▶ **Assigned task**
The following data is to be repeated exactly, its pictures excluded.

▶ **Given material**
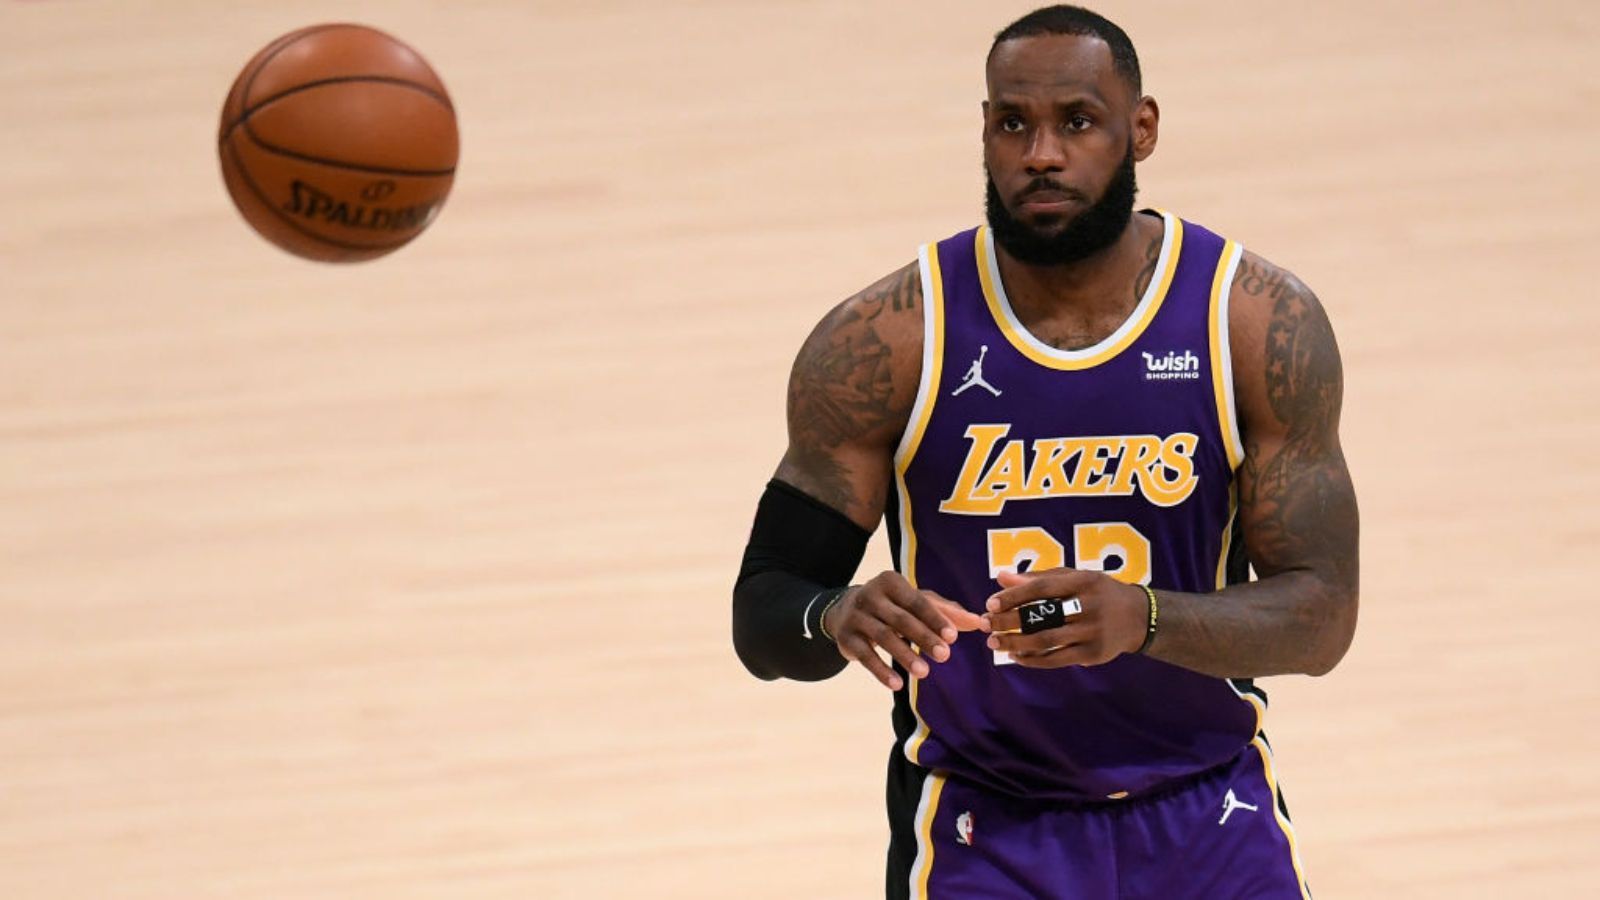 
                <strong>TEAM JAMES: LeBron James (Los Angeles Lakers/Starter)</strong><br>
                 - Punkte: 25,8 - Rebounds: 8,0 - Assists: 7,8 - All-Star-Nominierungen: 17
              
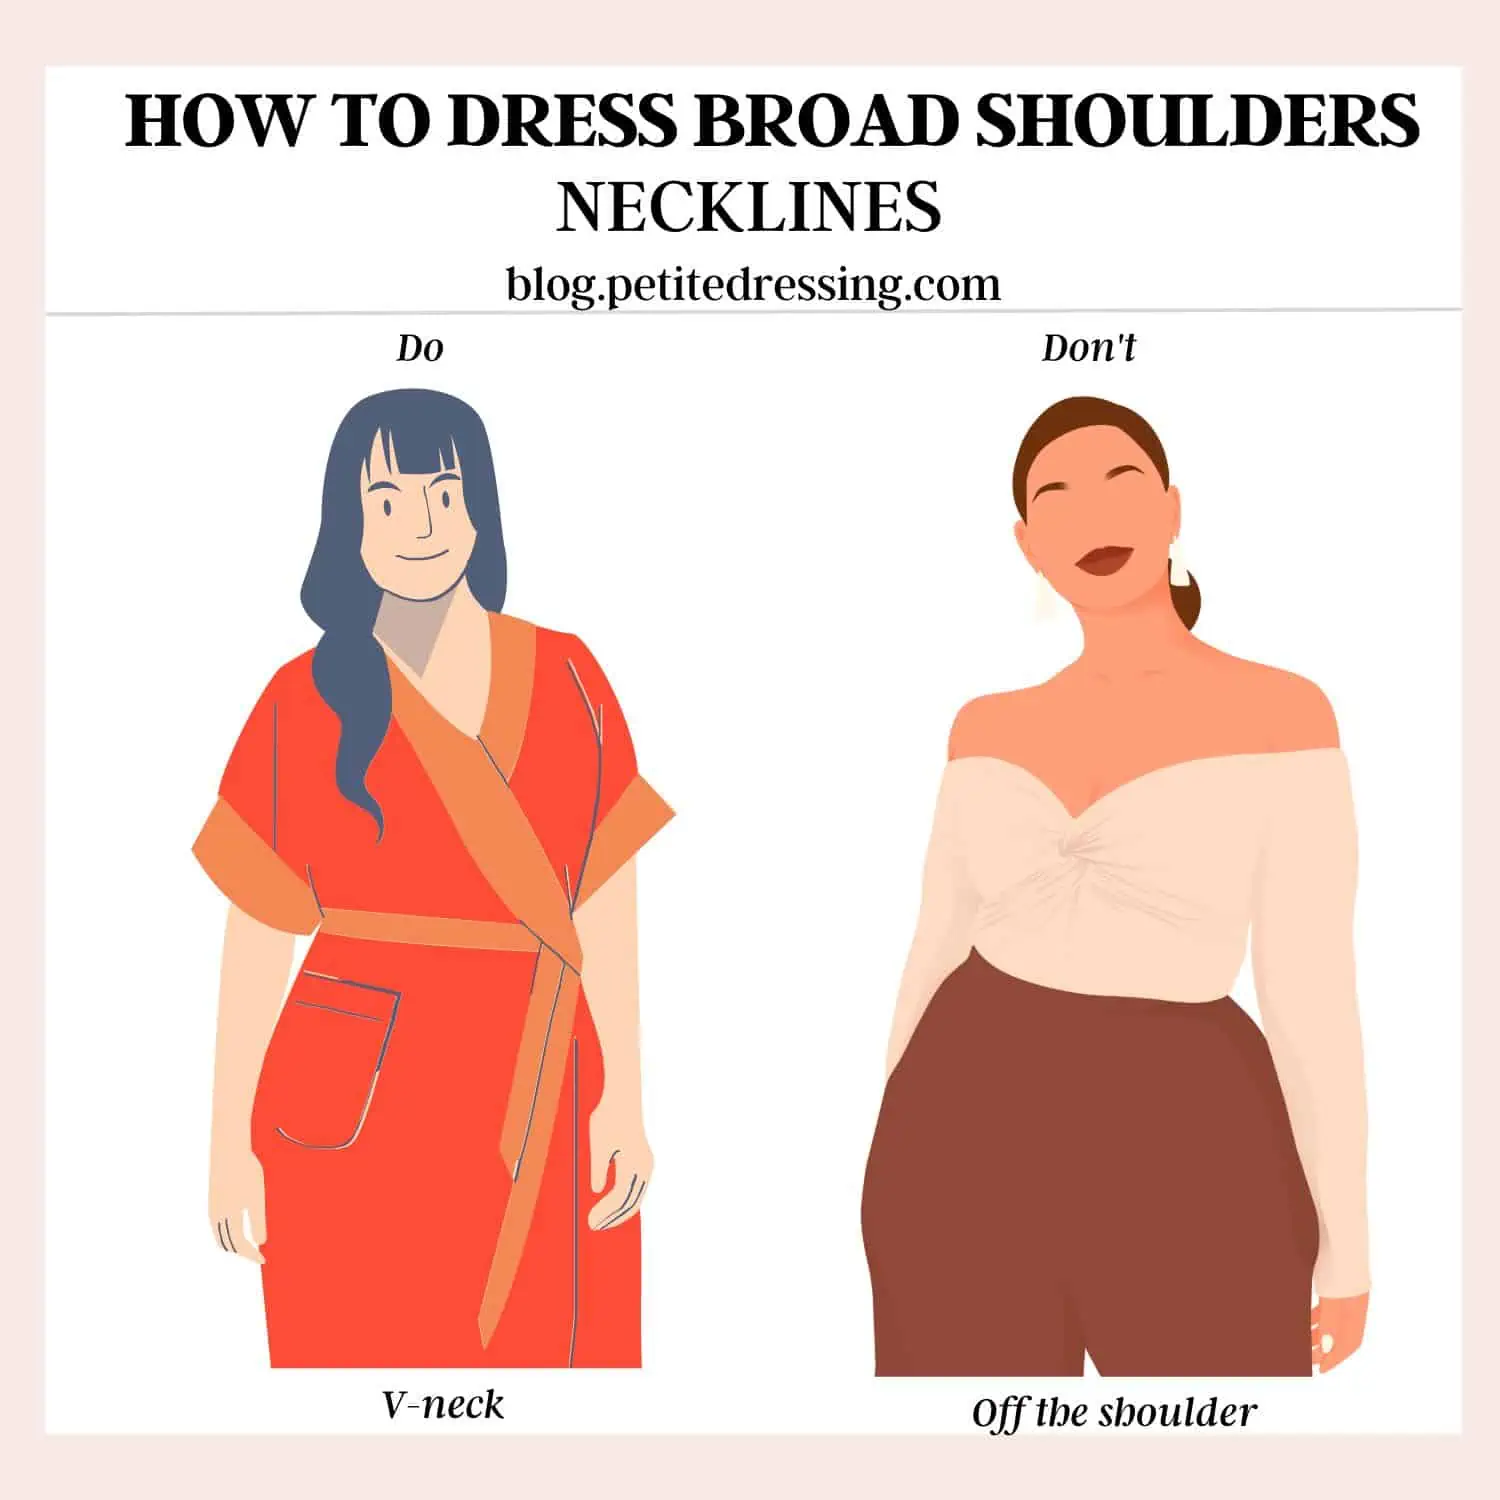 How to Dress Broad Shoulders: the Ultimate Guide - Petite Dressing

▶ **Result**
                <strong>TEAM JAMES: LeBron James (Los Angeles Lakers/Starter)</strong><br>
                 - Punkte: 25,8 - Rebounds: 8,0 - Assists: 7,8 - All-Star-Nominierungen: 17
              
 How to Dress Broad Shoulders: the Ultimate Guide - Petite Dressing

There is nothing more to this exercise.